To select a pragmatic and user-friendly cut-off, an h-index was used as an appropriate heuristic, and calculated as the sum of all explained variances divided by the number of original variables (1224). Variables that have explained variances in pc 1 higher than this h-index of 24.3% were retained and coloured green in figure 5.4. The expansions in figure 5.2 show that the variables selected with approach A but not retained in approach B are mostly corresponding to variables that have a lower mean intensity. However, this pca-based approach avoids removing low-intensity, informative ions; or retaining artefactual high-intensity, noisy ions.

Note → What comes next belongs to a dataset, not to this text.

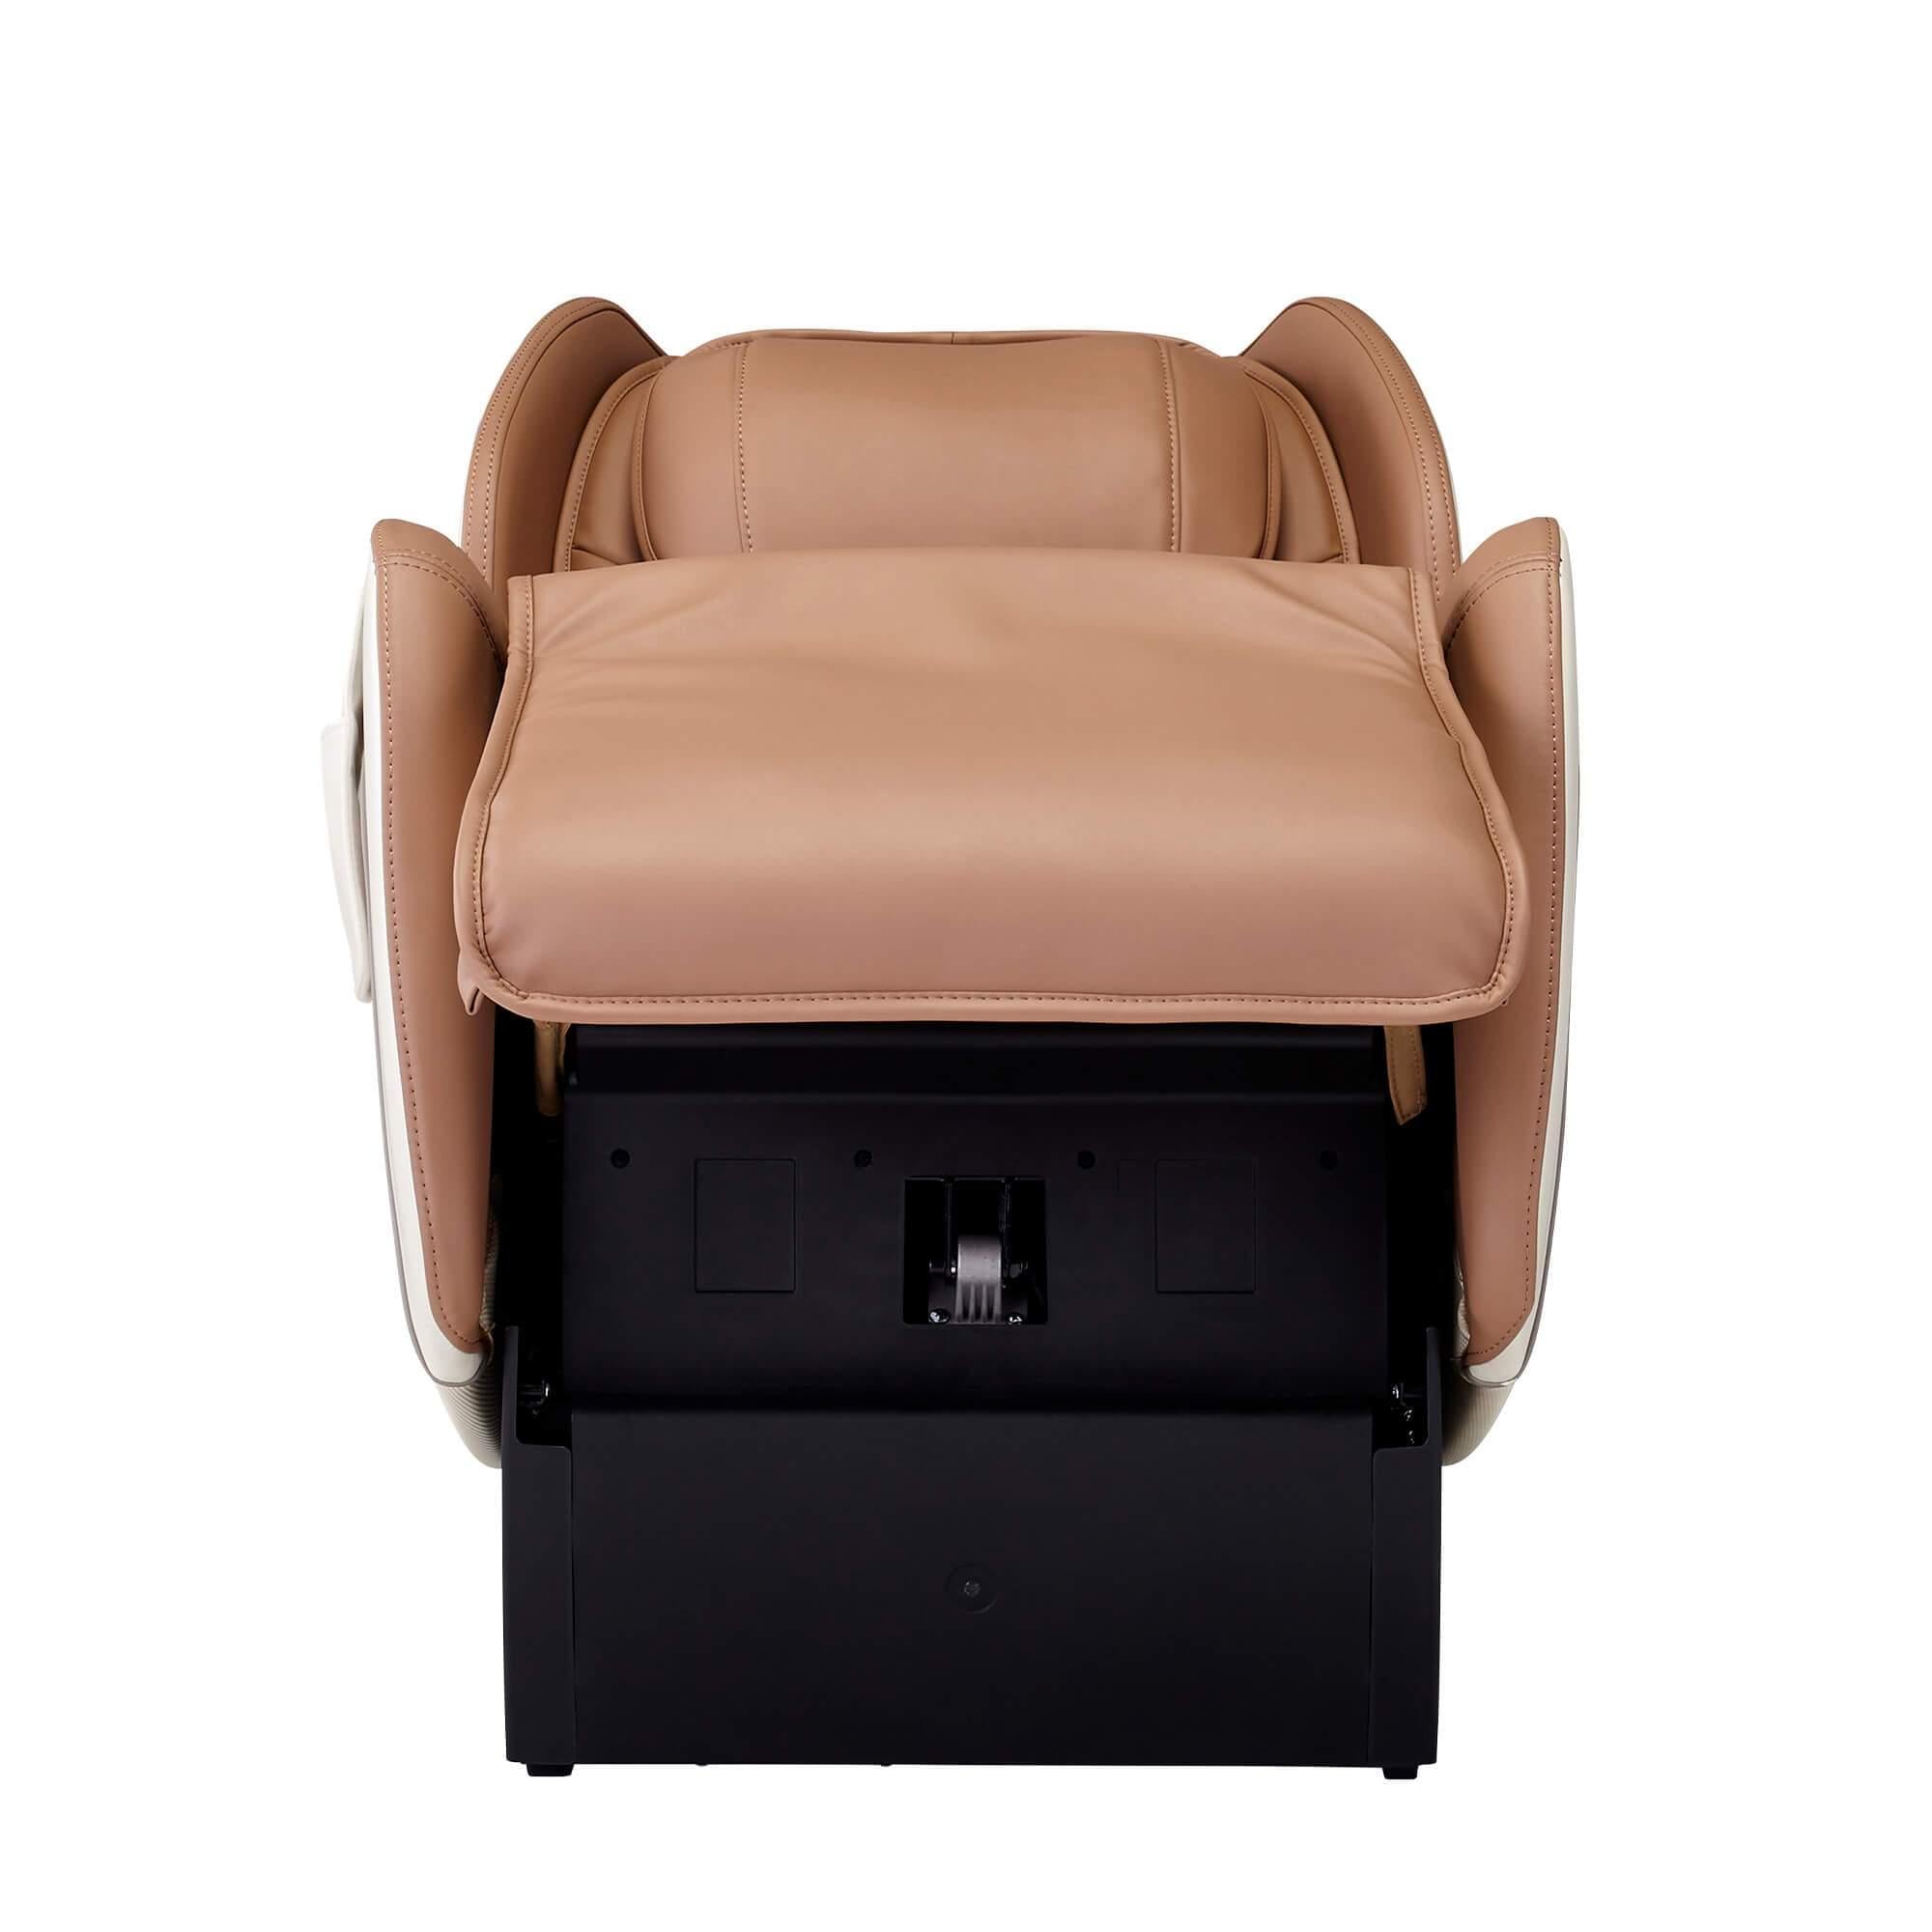 Chair Synca Unmatched Massage ZEBRA and – Plus CirC Comfort Style CHAIRS MASSAGE -

A similar approach would be the investigation of structure in the image using an entropy-based criterion.

Figure 5.4: The variance explained for the first principal component of a pca-based decomposition of the image for each variable (mean-centred) is plotted. Note that the x-axis corresponds to variables that were sorted with decreasing variance explained, and does not correspond to the m/z values. Variables with lower levels of explained variance contain less biological and anatomical relevance (compare m/z = 873.6 and m/z = 989.6). Anh-index of 24.3% was used as a cut-off for variable selection: only variables with a higher percentage of variance explained were selected and coloured green.

The m/z images and values of the deleted variables verified that not many informative peaks were removed with approach B: if any signal was found at all, the related main isotopes were still selected, so information regarding the parent ion was not lost. Thus, a potential loss of information is not problematic, since there is a lot of redundancy in the data. Even if 10% of the potentially informative peaks were removed, it is unlikely that this would result in the disappearance of characteristic molecular fingerprints. Moreover, there are clear computational and interpretative

advantages for smaller and cleaner data.

It should be noted that a very similar variable selection resulted if the images were rotated through 90◦

(swapping the columns and rows for the pca, i.e. a matrix transpose). If for any future sample, anatomical structures are expected to be directional, e.g. more horizontally or vertically oriented, this information should be used in the decision of transposing the data matrix before pca-based variable selection. Columns with only 0 were removed prior to pca calculations. Mean-centring of the data prior to pca-decomposition is necessary as it removes the overall mean, which would otherwise be the main contributor to the variance in the first principal component. Unit variance scaling was not performed, as this would give equal weight to all columns, which could negatively affect the selection of small anatomical features and emphasise noise in the data. A high level of explained variance would also be obtained for m/z images that are high in the surrounding and low in the sample region. Therefore, the variable selection with approach A has to precede peak selection with approach B.